Ma la Storia continua a camminare sulle gambe di donne e uomini. Succede in Grecia. Potrebbe succedere in Spagna. E nessun Piano, neanche il più sofisticato, prevede tutte le variabili. Nessuna formulazione è in grado di elidere, e imprigionare, il tempo umano. Le contraddizioni infrangono la patina dell’immobilità, e sulla scena tornano le tre dimensioni della Storia. Si plasmano nuove forme del passato, torna l’orizzonte del possibile, tornano corsi e ricorsi. Torna, al centro della scena, come all’interno di un anfiteatro, la Grecia di Atene, delle poleis e dell’agorà. Contro ogni narrazione imperiale.

La luce dalla strada passa fin qui, attraverso la finestra. Molti anni prima di avere questo ufficio, di insegnare all’università, prima di fare lo strategist per la grande banca, sono stato allievo di Federico Caffè, a Roma. La città eterna che sfida il tempo, che – nei secoli – si è rappresentata come ultimo approdo della Storia: culmine, punto perfetto e insuperabile. Ancora oggi in Italia esiste un proverbio che dice: “Tutte le strade portano a Roma”. Un centro di gravità dove si risolvevano i contrasti, un luogo di armonia, un presente che sintetizzava in pace l’accidentata strada del passato. Nel Medioevo si parlava di translatio imperii.

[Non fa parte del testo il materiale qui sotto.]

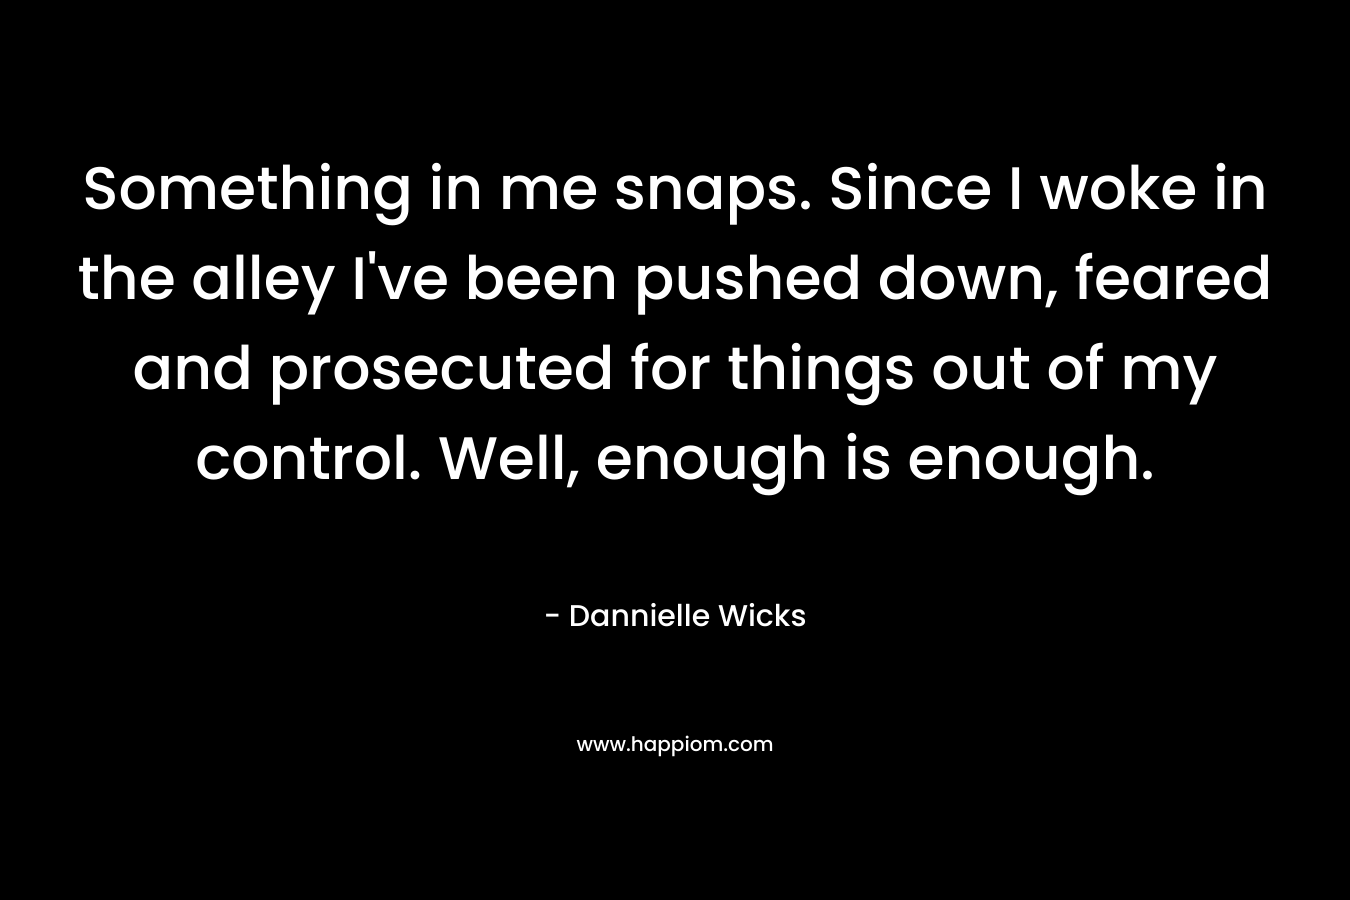 Something in me snaps. Since I woke in the alley I’ve been pushed down, feared and prosecuted for things out of my control. Well, enough is enough. – Dannielle Wicks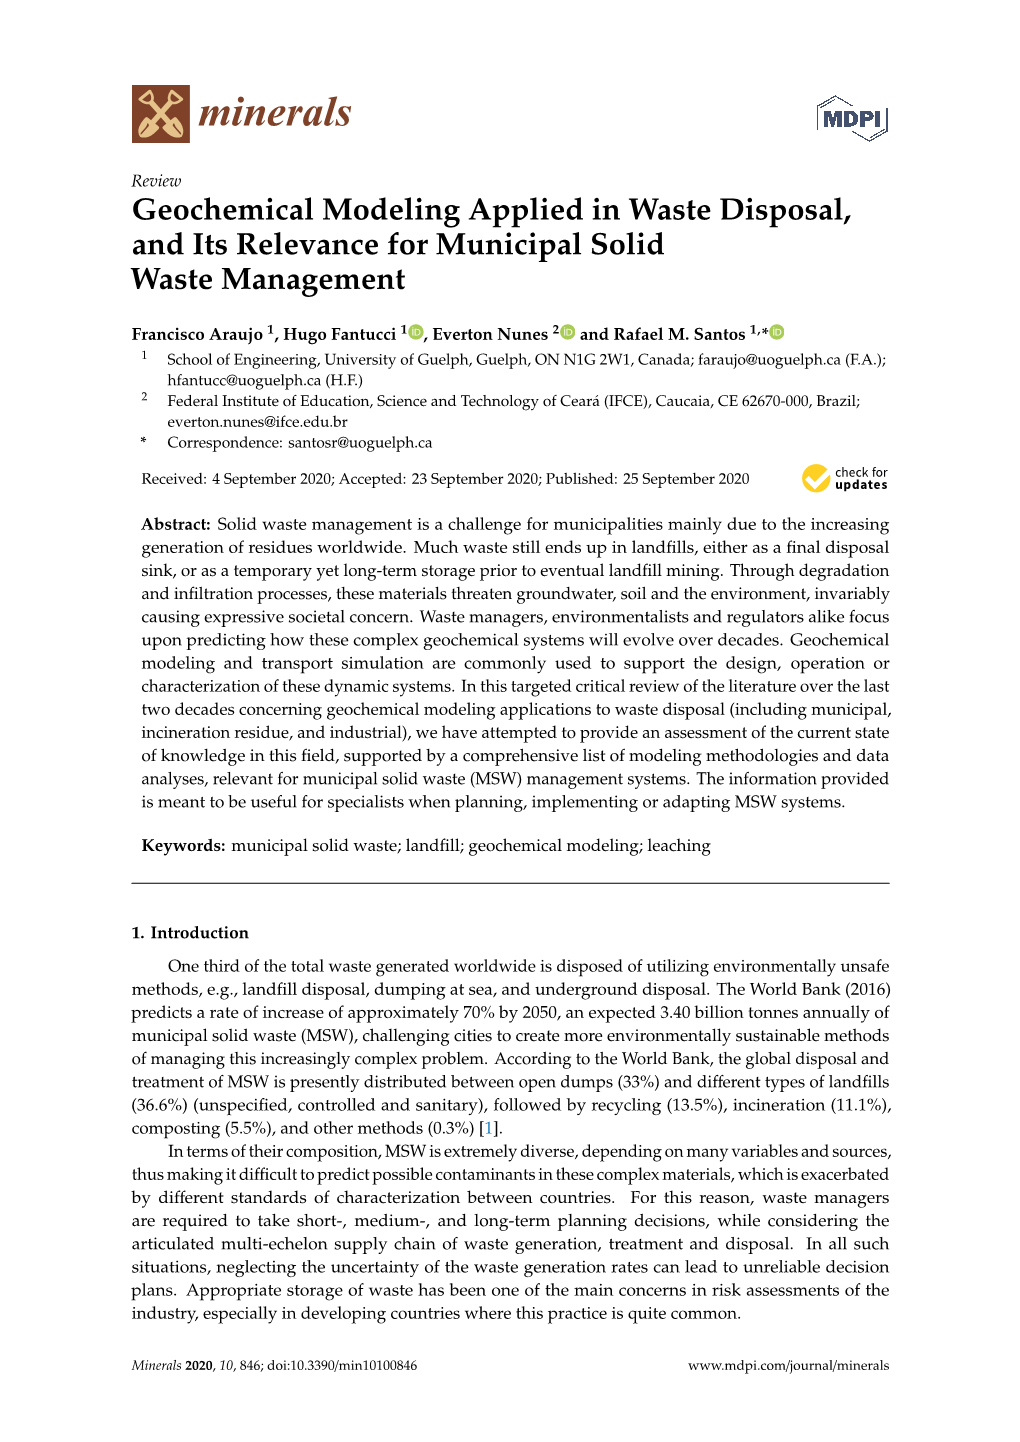 Geochemical Modeling Applied in Waste Disposal, and Its Relevance for Municipal Solid Waste Management

In quegli anni lontani, mi colpiva l’organizzazione degli splendori di Roma. L’eloquente maestosità delle rovine. I Fori, le grandi strade tracciate dal fascismo, gli scorci del regime come celebrazione di grandezza. Il Colosseo e il Vittoriano, la Roma dei giochi e quella delle adunate. Onore ai poteri che non devono tramontare!
E che invece tramontano.
Tutti. Perché nella Storia è sempre inscritta la possibilità. E a quella Roma monumentale con una prospettiva fissa, si oppone la “fata morgana” della cupola di San Pietro vista da un punto del colle Aventino. L’effetto ottico, lungo il vialetto del parco, che rimpicciolisce quella grandiosità via via che ci si avvicina alla terrazza panoramica.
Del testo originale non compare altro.